Machine learning models can fail when attempting to predict individuals who are underrepresented within the dataset used for training.
For example, a model that predicts the best treatment options for people with a chronic disease can be trained using a dataset that includes primarily male patients. Implementing this model in a hospital could lead to incorrect predictions for female patients.
To improve results, engineers can try to balance the training dataset by removing data points until all subgroups are equally represented. Although dataset balance is promising, it often requires removing large amounts of data, which reduces overall model performance.
MIT researchers have developed a new technique to identify and remove specific points in a training dataset that contribute most to model failure in underrepresented subgroups. By removing far fewer data points than other approaches, this technique improves performance with respect to underrepresented groups while maintaining the overall accuracy of the model.
Additionally, this technique can identify hidden sources of bias in the unlabeled training dataset. In many applications, unlabeled data is much more prevalent than labeled data.
This method can also be combined with other approaches to improve the fairness of machine learning models deployed in high-stakes situations. For example, it may one day help ensure that patients who are underdiagnosed by biased AI models are not misdiagnosed.
“Many other algorithms that attempt to address this problem assume that each data point is as important as every other data point. In this paper, we show that this assumption is not true. There are certain points in our dataset that are contributing to this bias, and we can find and remove those data points to improve performance.” Kimia, an electrical engineering and computer science (EECS) graduate student at Hamidieh says. -Lead author of a paper on this technology.
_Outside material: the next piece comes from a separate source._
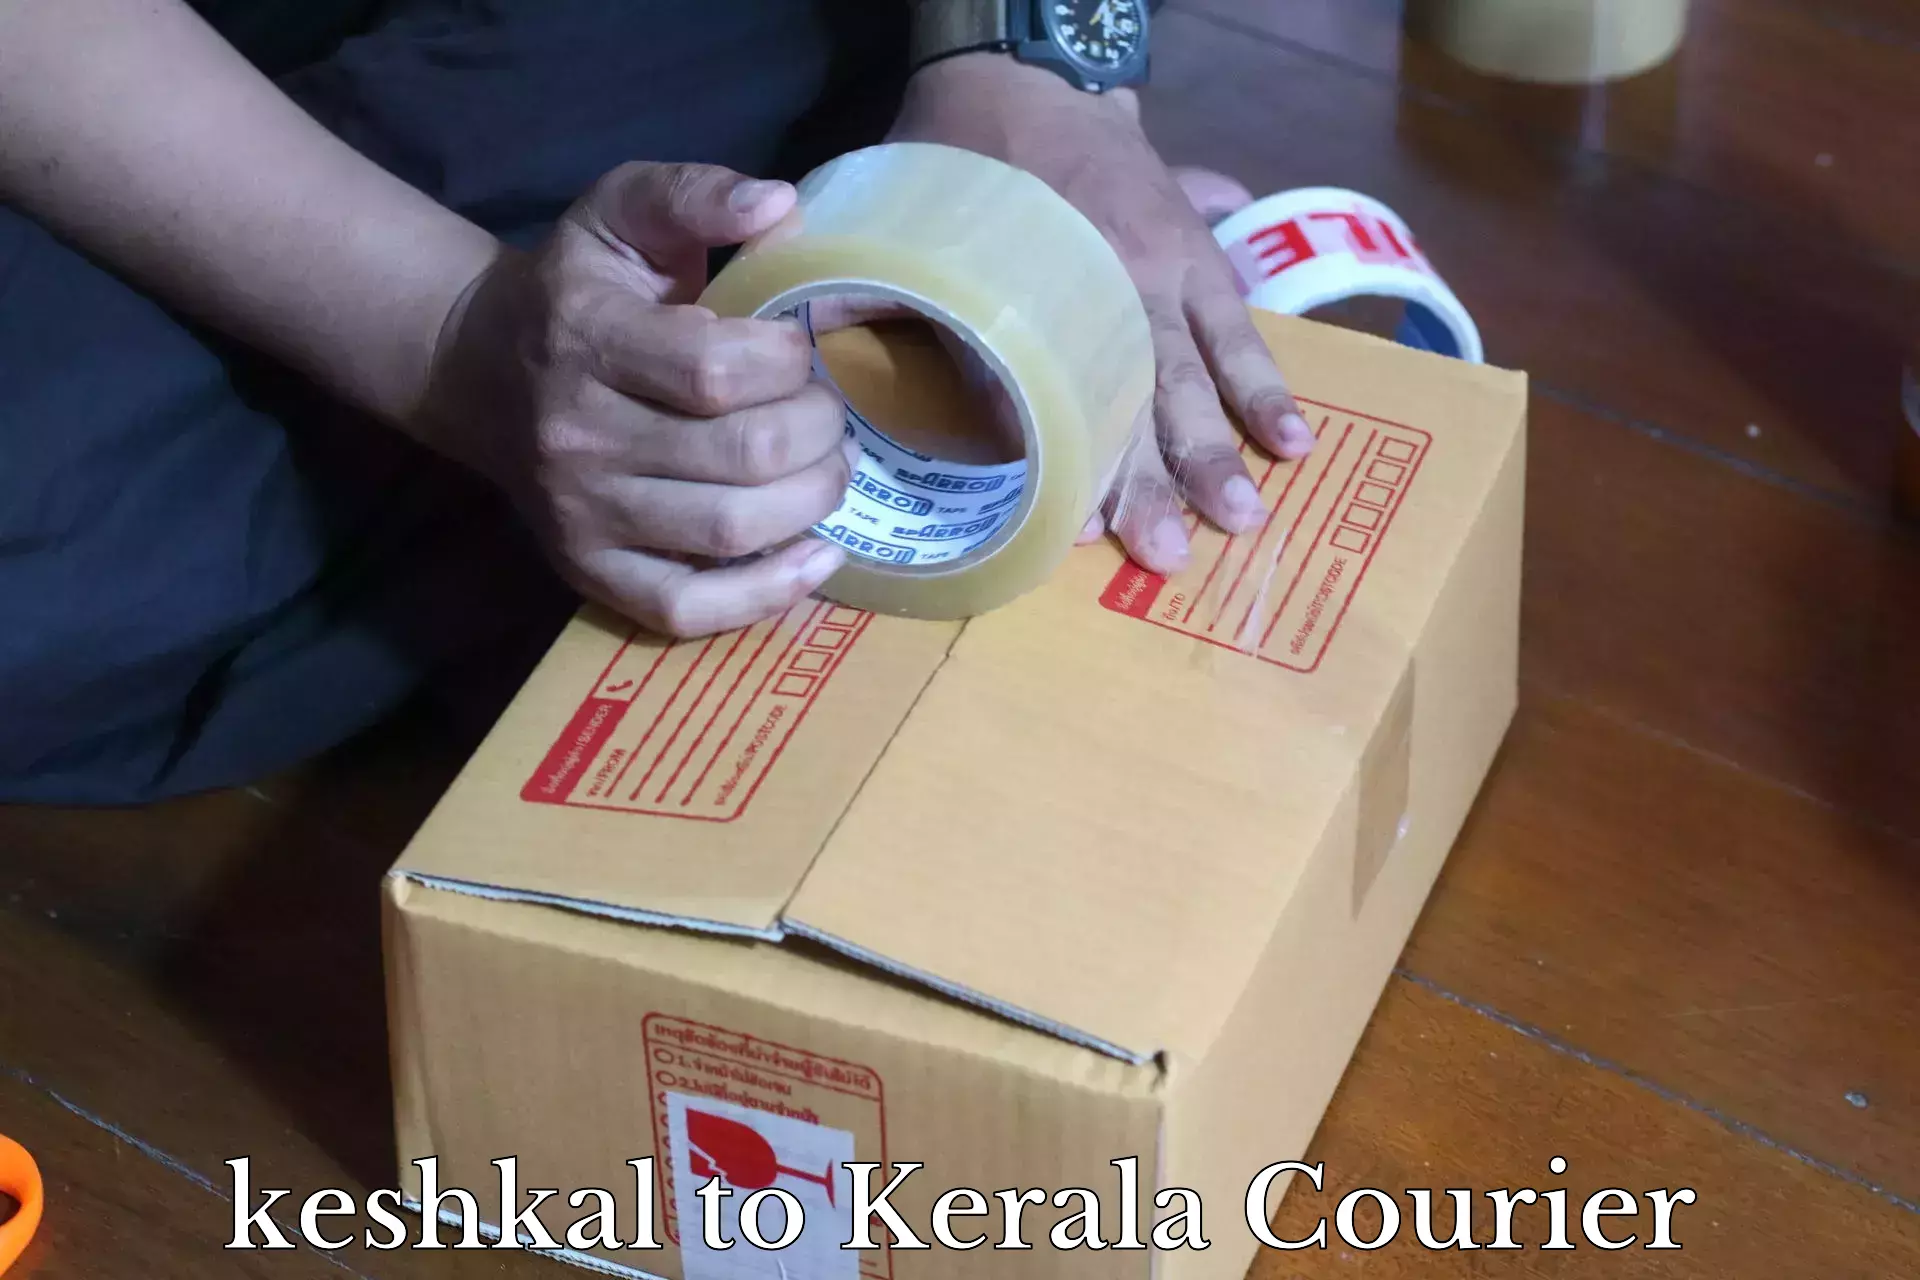 Urban courier service keshkal to Kerala

She co-authored the paper with co-lead authors Saachi Jain PhD ’24 and fellow EECS graduate student Kristian Georgiev. Andrew Ilyas Engineering 18 years, PhD 23 years, Stein Fellow at Stanford University. Senior authors are Marzyeh Ghassemi, EECS associate professor and member of the Institute for Biomedical Engineering Sciences and the Institute for Information and Decision Systems, and Aleksander Madry, Cadence Design Systems professor at MIT. This research will be presented at the Neural Information Processing Systems Conference.
remove bad examples
Machine learning models are often trained using large datasets collected from many sources on the internet. These datasets are too large to carefully curate manually and may contain bad examples that hurt model performance.
Scientists also know that some data points have a greater impact on a model’s performance on certain downstream tasks than others.
MIT researchers have combined these two ideas to create an approach that identifies and removes problematic data points. They are trying to solve a problem known as worst-case group error. This problem occurs when the model underperforms on a small number of subgroups in the training dataset.
The researchers’ new method builds on previous work that introduced a technique called TRAK that identifies the most important training samples for a given model output.
This new method takes the incorrect predictions that the model makes about minority subgroups and uses TRAK to identify which training samples contribute the most to those incorrect predictions.
“By aggregating this information across bad test predictions in a sensible way, we can find the specific parts of the training that are reducing the overall accuracy of the worst group,” Ilyas explains. .
Then remove those specific samples and retrain the model on the remaining data.
More data typically improves overall performance, so by removing only the samples that cause the worst group failures, you can maintain the overall accuracy of your model while improving performance with fewer subgroups. can be improved.
A more accessible approach
Their method outperformed multiple methods across three machine learning datasets. In one example, we improved accuracy for the worst group while removing approximately 20,000 fewer training samples than traditional data balancing methods. Their technique also achieved higher accuracy than methods that require changes to the internal workings of the model.
Because the MIT method requires modifying the dataset instead, it is easier to use for practitioners and applicable to many types of models.
Subgroups in the training dataset are unlabeled, so it can be used when bias is unknown. By identifying the data points that contribute the most to the features your model is learning, you can understand the variables your model is using to make predictions.
“This is a tool that anyone can use when training a machine learning model. They can look at those data points and see if they match the functionality you’re trying to teach the model,” Hamidi said. says.
Using this technique to detect bias in unknown subgroups requires intuition about which groups to look for, so researchers hope to validate it through future human studies to more fully I would like to investigate.
We also want to improve the performance and reliability of the technology and ensure that the method is accessible and easy to use for practitioners who may one day deploy it in real-world environments.
“Having tools that allow us to look critically at our data and identify which data points lead to bias or other undesirable behavior is a first step toward building fairer, more reliable models. ” Ilyas says.
This research was funded in part by the National Science Foundation and the Defense Advanced Research Projects Agency.